Dinas PU Sorong Fokus Benahi Jalan Sorong–Seget, Tunggu Serah Terima dari Perusahaan

waktu baca 2 menit
Kamis, 2 Jul 2026 17:51 8 Redaksi

    Harianterbit.id | SORONG – Meski menghadapi keterbatasan anggaran akibat kebijakan efisiensi, Dinas Pekerjaan Umum (PU) Kabupaten Sorong tetap memprioritaskan pembangunan jaringan jalan di 30 distrik.

    Hal tersebut disampaikan Pelaksana Tugas (Plt) Kepala Dinas PU Kabupaten Sorong, Frans Howay, Rabu (1/7/2026).

    Frans mengatakan, pembangunan jaringan jalan diarahkan untuk meningkatkan konektivitas antarkampung sekaligus mendukung pelayanan dasar bagi masyarakat.

    Menurutnya, pemerataan infrastruktur jalan menjadi salah satu program prioritas pemerintah daerah dalam dua tahun terakhir.

    “Meski kondisi keuangan daerah terbatas, Dinas PU tetap memaksimalkan penanganan jalan di Kabupaten Sorong dengan menyesuaikan kemampuan anggaran,” ujarnya.

    Selain itu, Dinas PU juga memfokuskan perhatian pada peningkatan ruas Jalan Sorong–Seget yang dinilai menjadi salah satu jalur strategis.

    “Kami tetap fokus pada seluruh distrik, terutama di sejumlah titik rawan.

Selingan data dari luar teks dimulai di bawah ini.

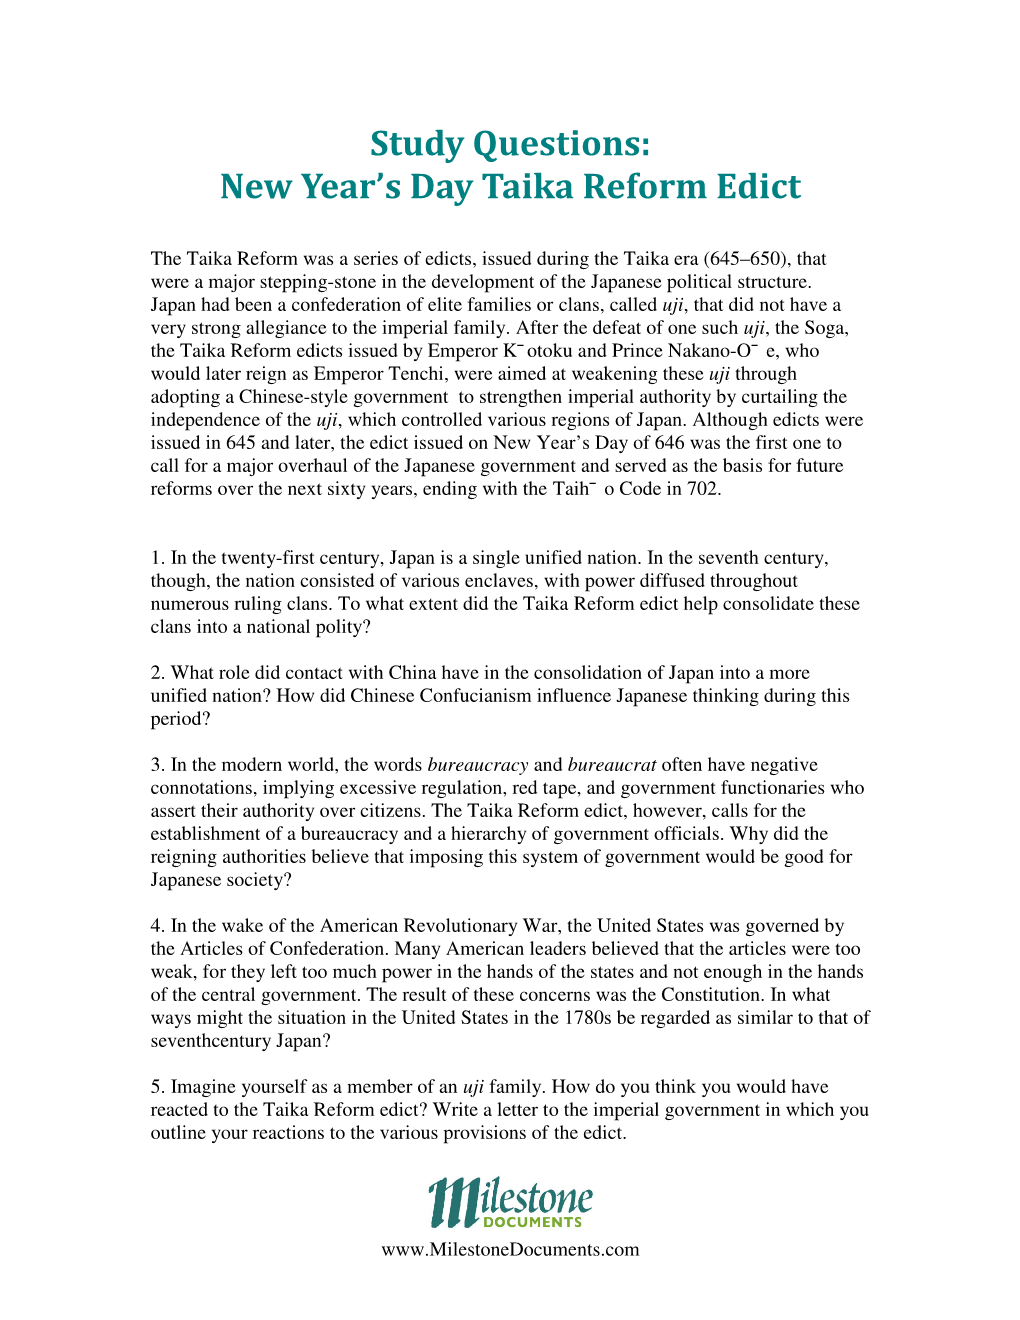 New Year's Day Taika Reform Edict
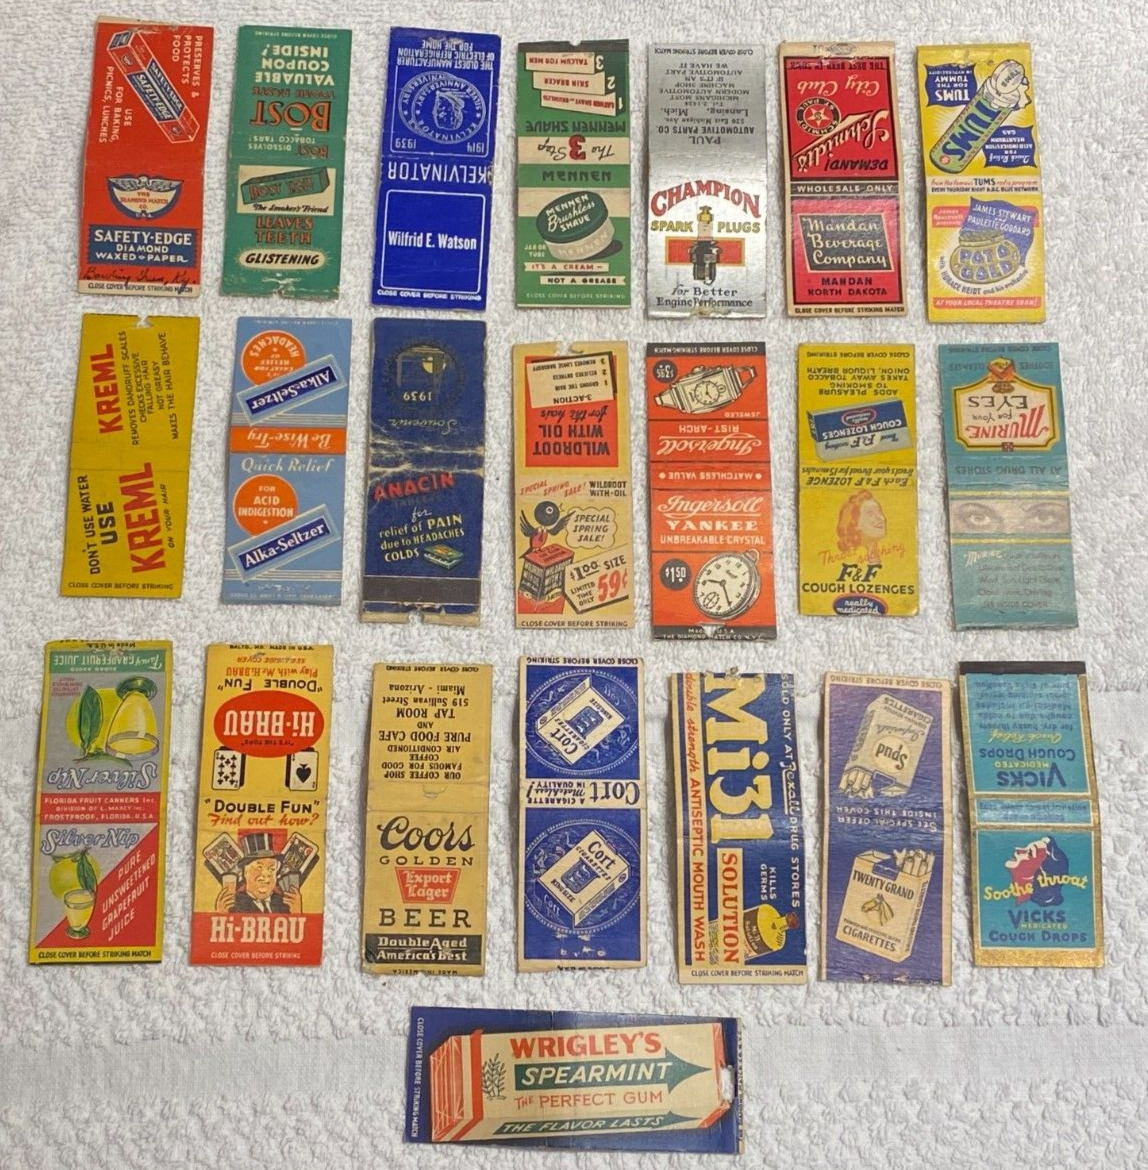 22 Vintage 1930's Matchbook Covers - Rare Lot Wrigley's / Coors / Tums / Vicks

Namun, perhatian utama saat ini adalah ruas Jalan Sorong–Seget,” katanya.

    Frans menjelaskan, penanganan ruas jalan tersebut masih terkendala karena statusnya masih merupakan jalan milik perusahaan. Oleh sebab itu, Pemerintah Kabupaten Sorong tengah melakukan koordinasi untuk membangun kolaborasi dalam proses penanganannya.

    “Setelah proses serah terima selesai, Dinas PU dapat melakukan peningkatan jalan, baik melalui pembangunan jalan beton maupun pengaspalan,” jelasnya.

    Ia menambahkan, saat ini Dinas PU berperan sebagai pengawas terhadap sejumlah perusahaan yang terlibat dalam penanganan ruas Jalan Sorong–Seget.

    Perusahaan yang diawasi antara lain Pertamina B7, Pertamina RU VII, Pertamina IP, Petrogas, serta beberapa perusahaan perkebunan kelapa sawit.

    Frans menyebut panjang ruas Jalan Sorong–Seget mencapai sekitar 25 hingga 30 kilometer, membentang dari kawasan Polsek Katapop, Pos 17 hingga Pos KMT.

    “Karena ruas tersebut masih berstatus jalan perusahaan, kewenangannya masih menunggu proses serah terima,” ujarnya.

    Frans berharap ke depan tidak ada lagi kebijakan efisiensi anggaran di Papua Barat Daya sehingga pembangunan infrastruktur, khususnya di wilayah terluar, dapat berjalan lebih optimal.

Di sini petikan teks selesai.